Can anyone put forward any ideas about a recent problem I had with one of my client's machines?
The machine is running Win 2000 pro and has a 60Gb disk drive formatted as a single FAT32 partition. As it turns out, no antivirus software was working on the machine, nor was a firewall in operation. The machine connects to the internet via another machine which provieds the internet connection sharing and is firewalled.
From what was reported, the machine had been working OK and left for a while and when they came back to it to shut it down, it was showing a blank blue screen. The following day it started OK but later 'froze up' and then wouldn't reboot. So much is what I was told.

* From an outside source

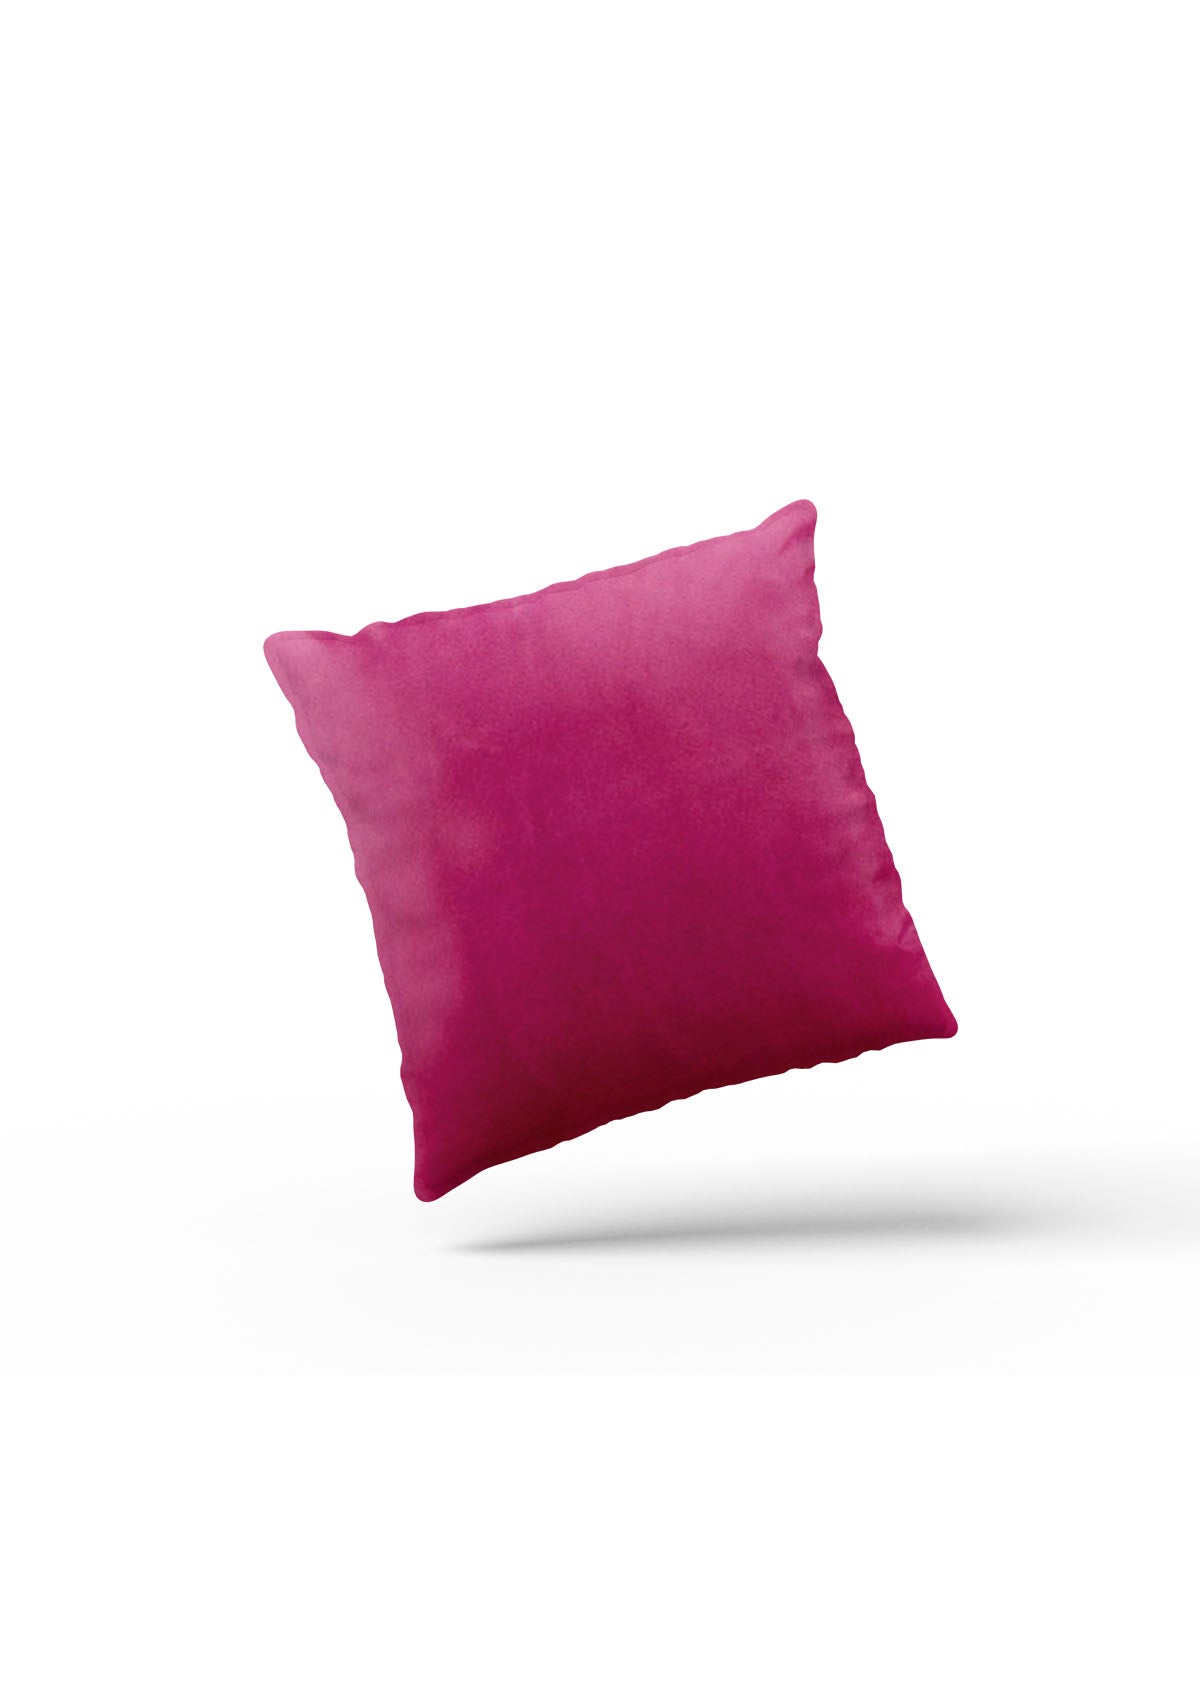 Hot Pink Velvet Cushion Covers | CovermyCushion

When I investigated I discovered that the boot sector had been corrupted - but in a very organised way. Only every 8th byte was affected, starting with the 6th byte and only the 6th bit of that byte was affected (except for one byte).
of the 42 bytes affected (of the possible 64 8th bytes), 40 had bit 6 switched on (OR 0x40), 1 had that bit switched off. The other byte was the exception mentioned above but it is possible that its differing value was legitimate - I don't know quite enough about FAT32 boot sectors to say! The way I ascertained the 'correct' values was by comparing with the spare boot sector copy stored at sector +6.
The only sector I could find with any error was this boot sector.
I restored the duff sector to its copy and the machine rebooted reasonably adequately (there was actually an inaccuratly recorded free space message) but I was able to reboot the system and get at the data. Since then it has been working fine.
My immediate thought was that it looked like the result of a virus, however a full scan of the disk showed nothing and searching on the net revealed no messages about a virus which showed this behaviour (though I could well have missed it).
I thoroughly checked out various bits of hardware - the disk, the cable (which I replaced anyway), the memory. I wasn't in position to be able to do very much with the disk controller.
So what are your theories as to what happened?
What I'd like most is for someone to say that this was exactly what virus XXXX does - or failing that suggest what component could have misbehaved in such an organised way.
I can't see why anything *should* have been writing to the boot sector for it to get it wrong! Needless to say the machine now has adequate protection.